Changing the way I react and express difficult feelings was never going to be an easy task, and trying to work on this when pregnant and hormonal was never going to be the best timing, but hey, that’s just the way this has all worked out.
Thankfully, there haven’t been many instances when I’ve needed to consciously think about it….or maybe, just maybe, I’ve been preempting these situations and not letting myself get worked up in the first place?
At the beginning of the month, there were a couple of hairy moments which saw my eyes prickling with hot tears after particularly rough nights with Tiny – on each instance, I threw* myself back into bed at repeatedly ungodly hours, and when Tall asked if I was okay, I muttered a curt, “No,” and then proceeded to have a quick, quiet, unnoticed cry. The only positive thing is that the tears were over within a minute, and in the morning, I was able to very calmly discuss Tiny’s sleeping “mishaps” with Tall.

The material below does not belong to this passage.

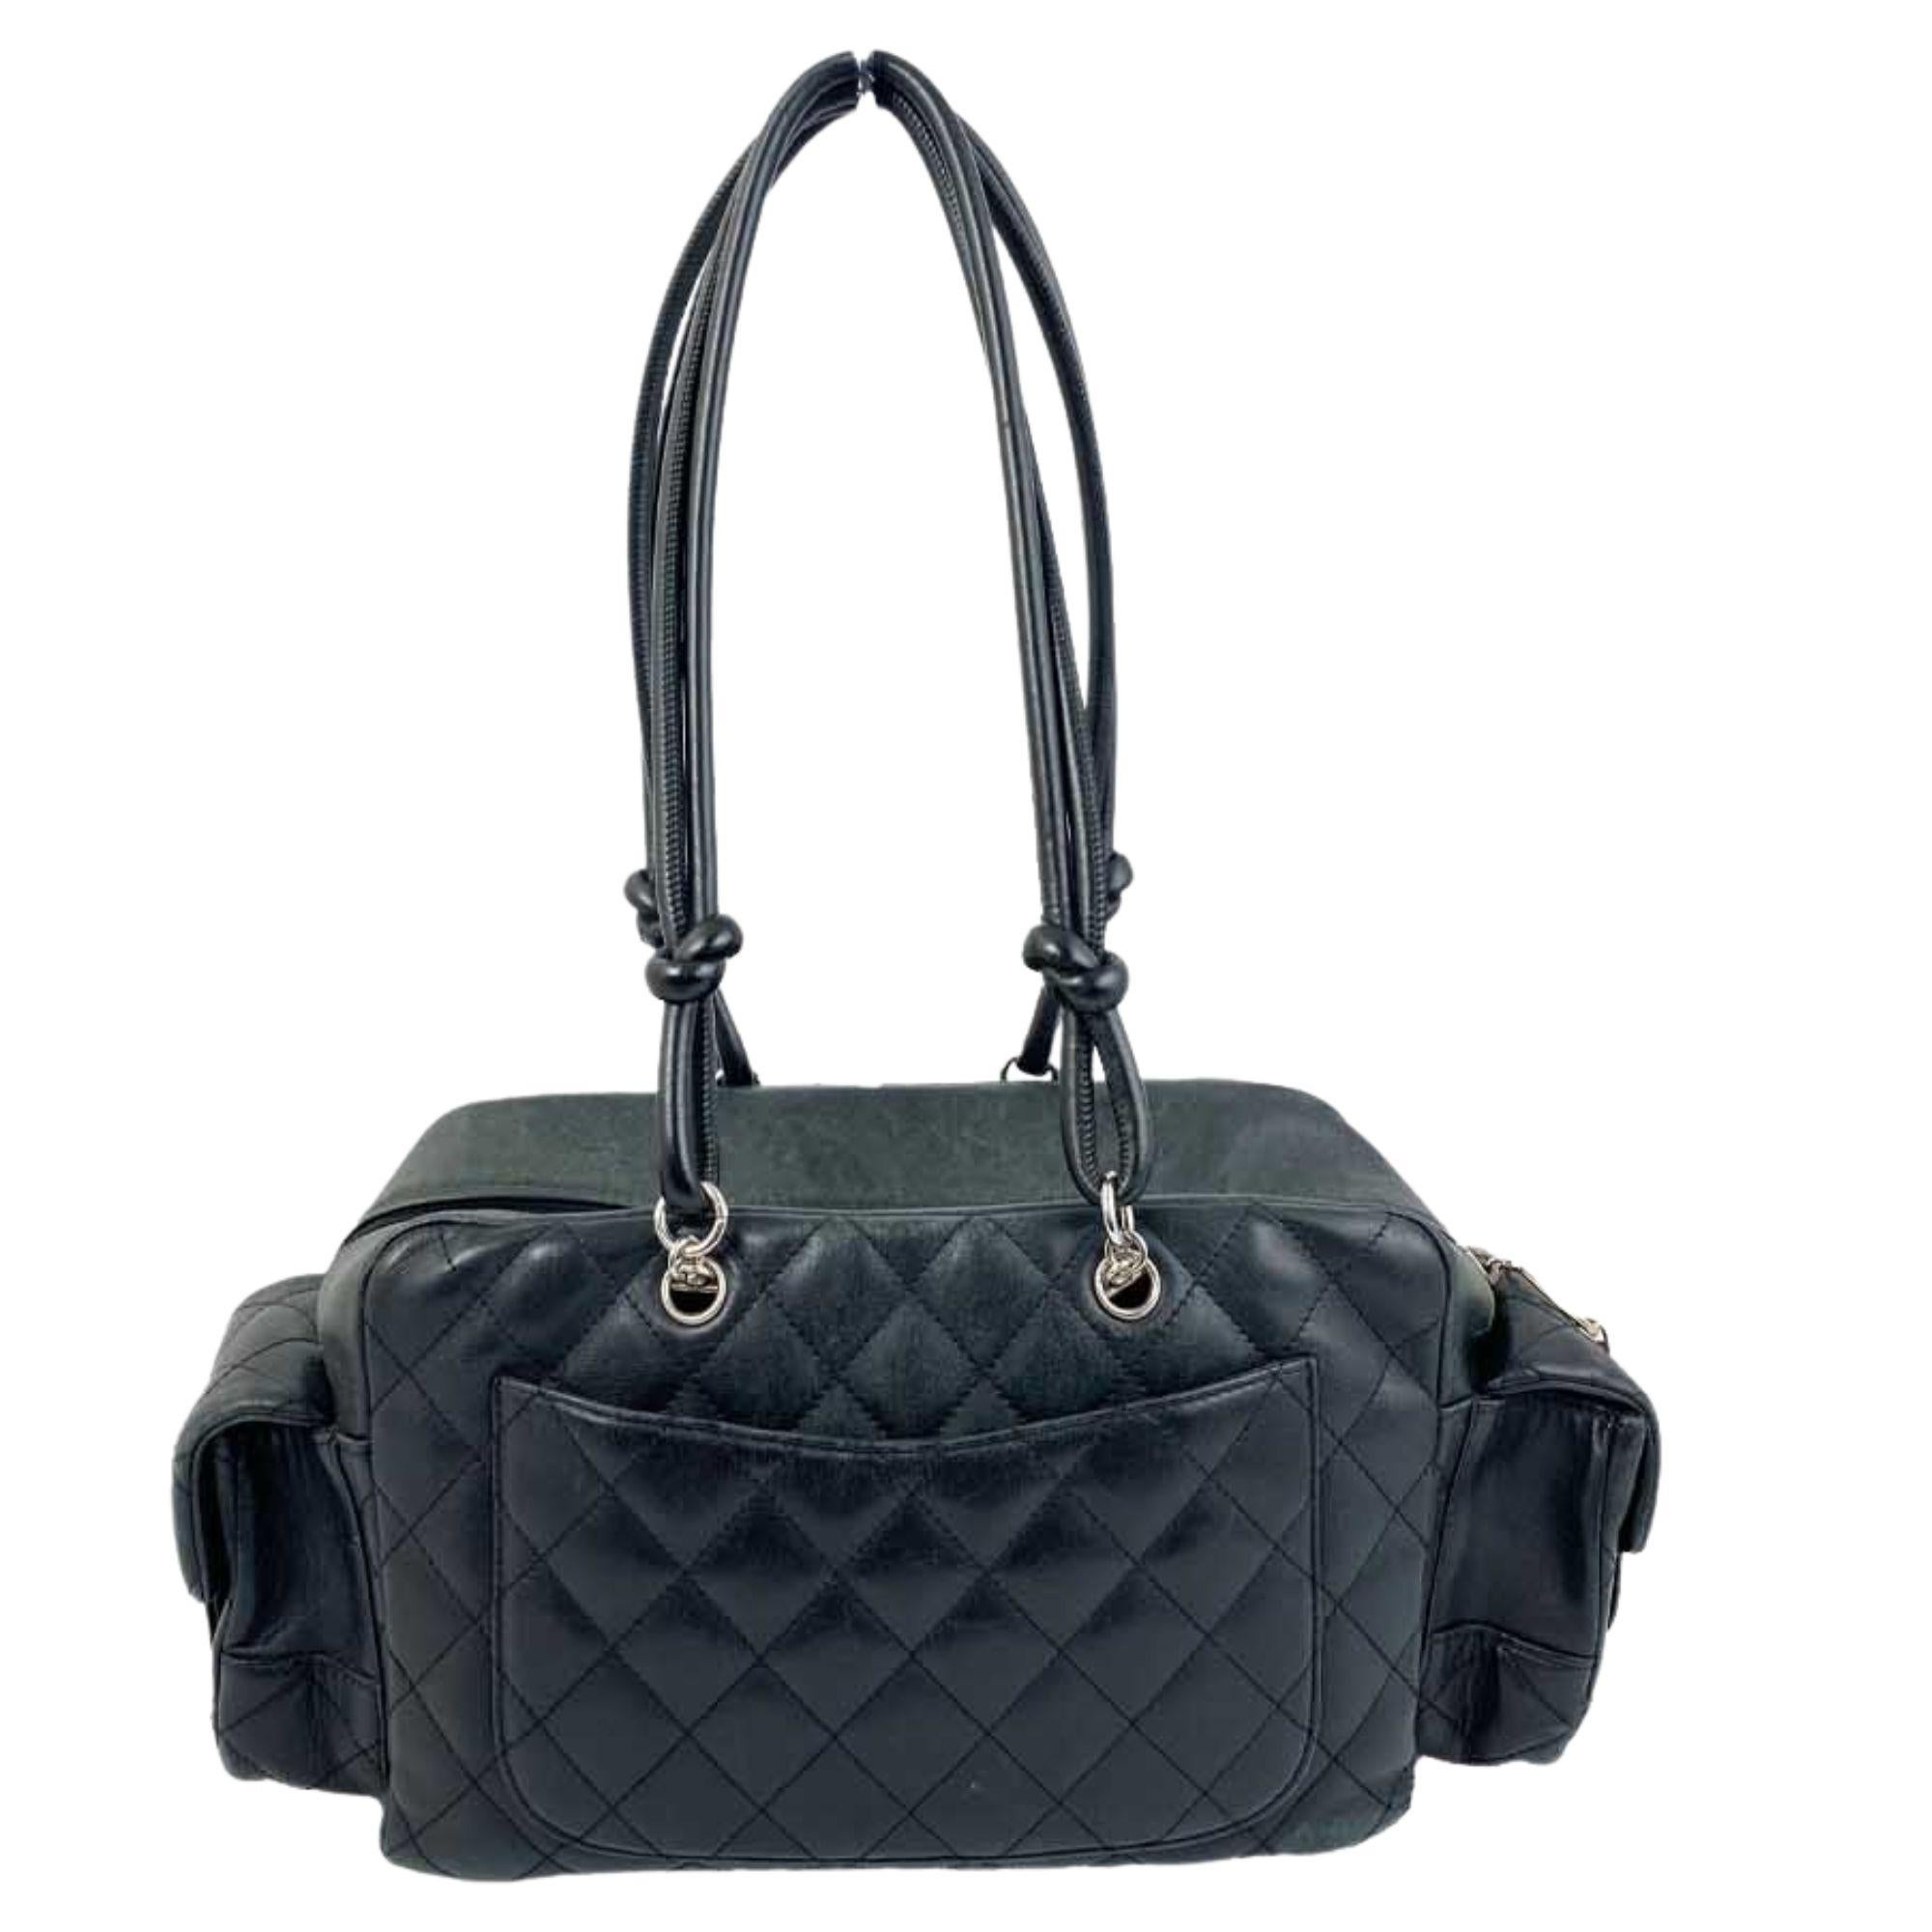 Black Chanel quilted leather hand bag. silver-tone hardware, two pockets in the front, two on either side, and one slide pocket in the back. One zipper pocket and two slide pockets on the inside. Includes original dust bag. Serial Code

I don’t feel like I’ve failed at this challenge as such, more that I haven’t had the opportunity to really focus on it. That’s not a bad thing; I’m pretty sure the next couple of months will provide many chances to work on this!
I completely-and-utterly acknowledge that I am a bottler, and that there will always come a day when it gets to much and I burst into unexplained tears (or “explode” into tears, as my beloved likes to say. “Are you okay? You’ve got your explosion face on…”). The idea that I need to do something about it is always there, but this month has pushed it a little further into the limelight than before.
The technique? To stop (and possibly walk away for a moment), take a breath and think instead of simply bursting into tears.
Will it work when I’m extra-tired, extra-frustrated and extra-busy with a newborn thrown into the mix? Who knows, but I’ve got to keep trying, and I feel as though having thought about it all this month will help keep me on track in the future.